The high-voltage style, comic-strip colours and eye-watering price tags of this Italian collective changed the world of design – what better place for an exhibition than modernist Milton Keynes?

With its comic-book colours, gaudy patterns and paper-thin veneers, the work of Italian design group Memphis has rarely looked as at home as it does in Milton Keynes. The first glimpse you get of the garish thrills in store in this new exhibition is through a big picture window, punched into the side of the corrugated mirror-polished box of the MK Gallery. Shining out between the building’s bright yellow loading bay and red spiral staircase stands the Carlton, a bookcase-cum-room-divider-cum-shamanic-totem, in all its crazed glory. Designed by Ettore Sottsass in 1981, and collected by the likes of David Bowie, Karl Lagerfeld and Cara Delevingne, it has become the symbol of a brief moment in Milan when a group of designers stuck two fingers up at good taste – and changed the world of design for the next four decades.

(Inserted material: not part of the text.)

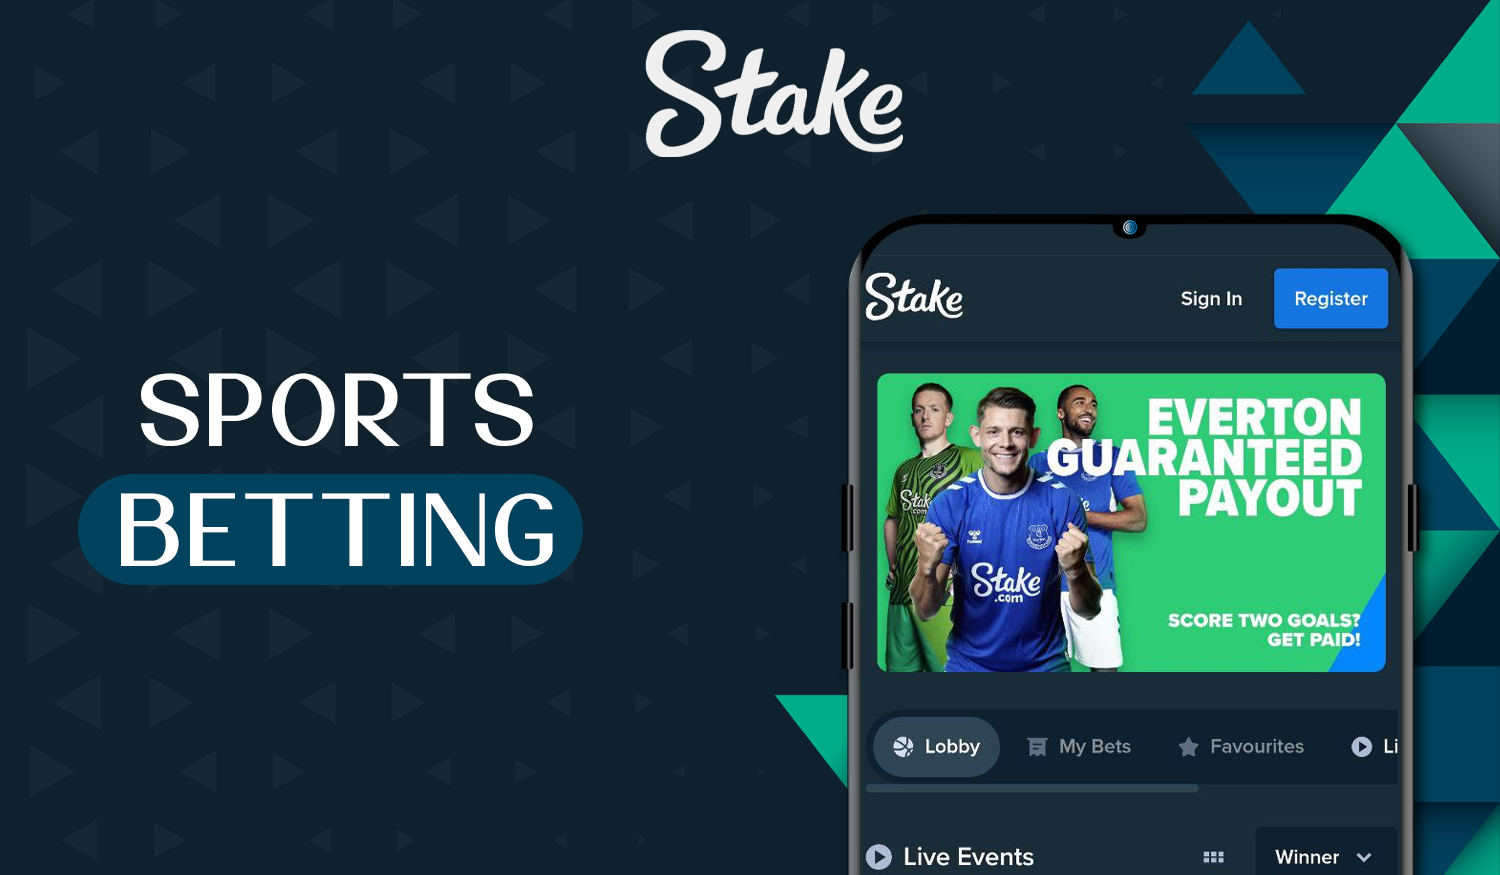 What sports users can bet on with the Stake app

For its UK showing, this touring exhibition couldn’t have picked a better location. “Part of our role,” says the MK Gallery director, Anthony Spira, “is to remind people that Milton Keynes comes from a really interesting cultural moment.” Before you snort, he’s got a point. The planners of this denigrated new town were plugged into the avant garde of contemporary design and radical urban theory in the 1970s. “They were reading Domus magazine in the development corporation,” he says. “I’ve always thought of the mirror-clad grid of Station Square as a homage to Superstudio [a radical Italian architecture group].”